We have pretty varied palates around here. We eat a lot of Mexican, Italian, Southern and east Asian foods. Lately the voices in my house (and in my head) have been requesting Indian food so that’s going to have to happen soon. Obviously Chef J is an adventurous eater but The Boy is pretty amazing as well. We decided before he was born that we were not going to be short order cooks. We’ve always had a policy of “eat it or don’t but I’m not making something else.” As a general rule, The Boy has to try two bites (which are chewed and swallowed) before he can say “I don’t like it.” Although he doesn’t love everything, he will always try new things. Mushrooms are his nemesis but otherwise he does okay and will try just about anything (this is the kid who, on vacation last year, asked what escargot was and then ordered and ate it anyway. . . and loved it).
The key to fresh cooking is keeping some staples on hand, picking up a few fresh things, and a PLAN. We tend to keep lots of onions, garlic, carrots and celery (the basis of many good recipes) on hand along with lots of dried herbs and spices and funky ethnic condiments. We also try to have eggs, milk, butter (never margarine), flour and sugar at all times. Then I fill in on my weekend grocery shopping with a few proteins from the meat/seafood department and fresh produce based on whatever is on sale. If you take 20 minutes on Saturday or Sunday and make a plan of what you will eat each night, you won’t end up staring aimlessly into the fridge before giving up and making eggs and toast (not that I’ve EVER done that, of course). I usually try to build in a night that I will use something leftover from earlier in the week so that I have an easy night if things get too hectic.
When you have one of those crazy homework and extracurricular nights on tap, I know that it’s easy to fall down the fast food rabbit hole. But with a little prep in the morning, you can have an amazing meal in the evening without a lot of effort. Spend a few minutes heating up a couple of sides (or pull out the tortillas) and you’ll have a satisfying home cooked meal when the dust settles from the chaos.

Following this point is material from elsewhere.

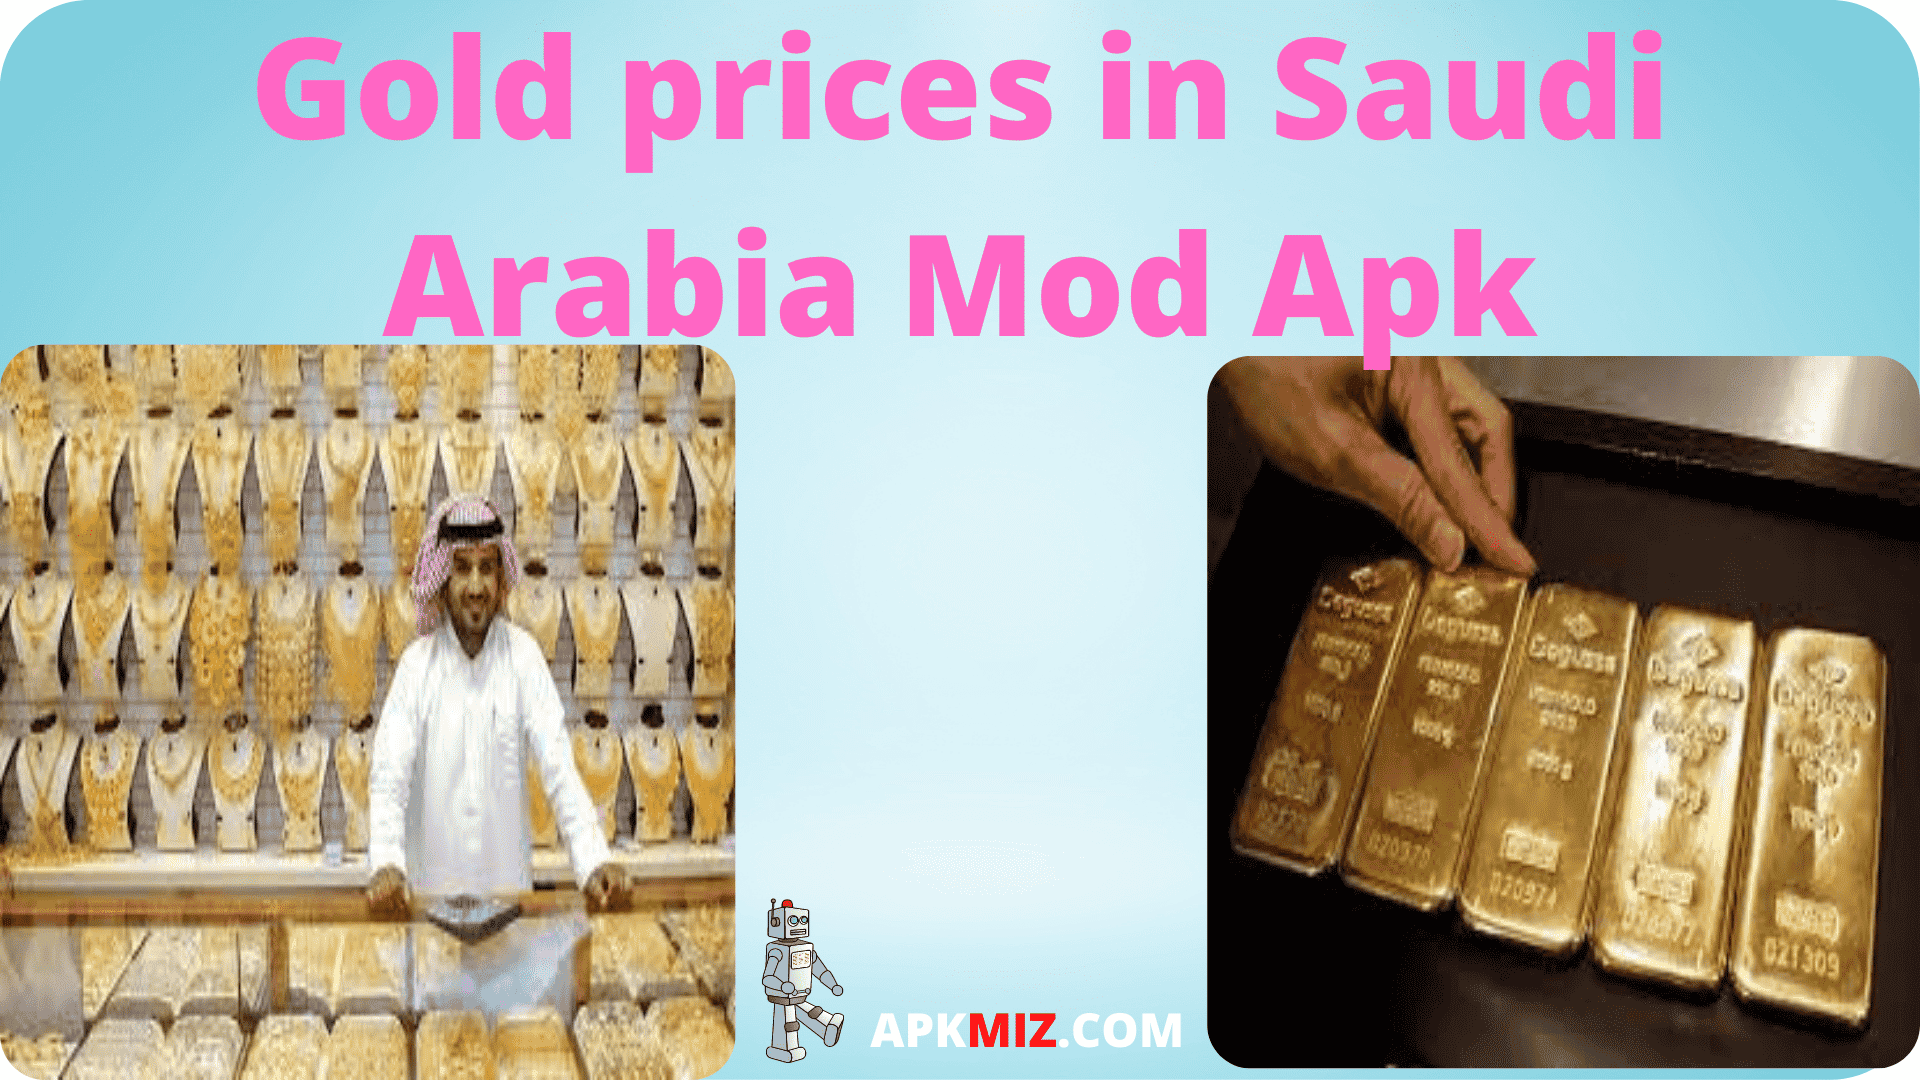 Gold prices in Saudi Arabia Mod Apk

That’s right, we do a lot of slow cooker meals on busy nights and I’m not talking about your mama’s pot roast (although I’m sure it was delicious). You can make a big pot of carnitas, a fabulous barbecued brisket, or a big pot of chili without killing yourself. And how nice to come home to those delicious smells and know you just have to dish it out and eat.

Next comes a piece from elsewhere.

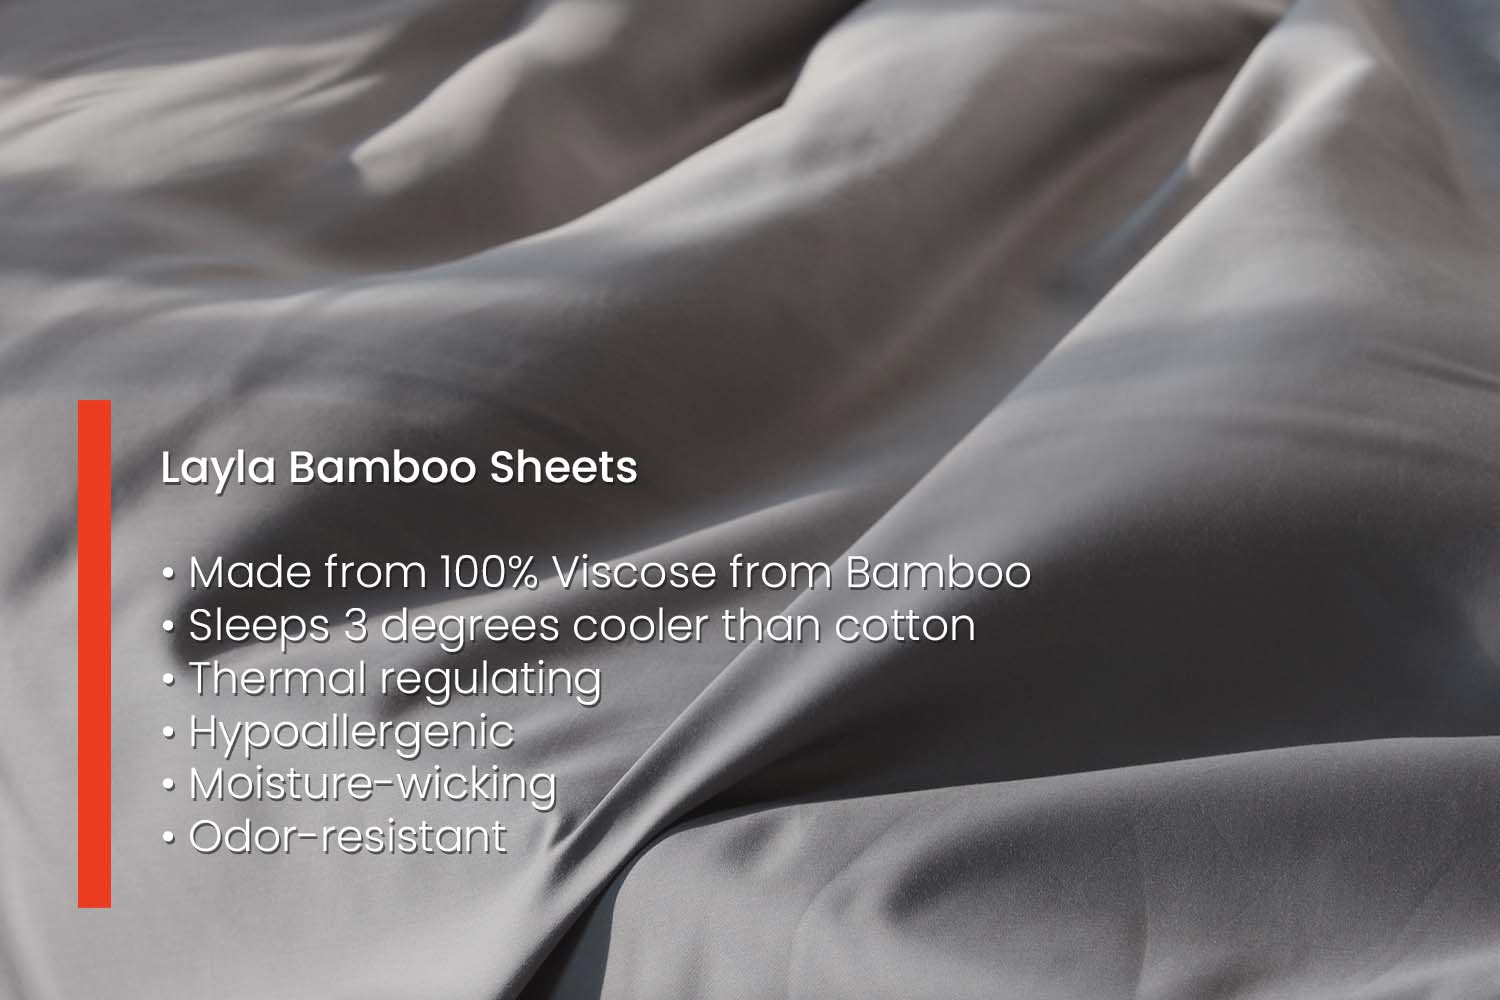 Layla Bamboo Sheets

I know that, for a lot of you, cooking is a chore. And it can be. But I find it therapeutic to come home and take a few very basic ingredients and create something memorable and nourishing. I love to take an afternoon, an hour, or even fifteen minutes to show my family how much I love them. To me it’s a creative outlet. When there is a celebration or a sad event, there’s not a lot I can do for people, but I can always feed them. I always say that I love people with food. You may not ever grow to love cooking, but maybe I can help you hate it less and give you a few ideas that will help you to feed your family a wholesome and delicious meal.I hope to share with you how I’m muddling through this crazy life of mine. I’ll try to introduce you to new ways of doing things, share my recipes and inspirations with you and hopefully help you to become a great home cook!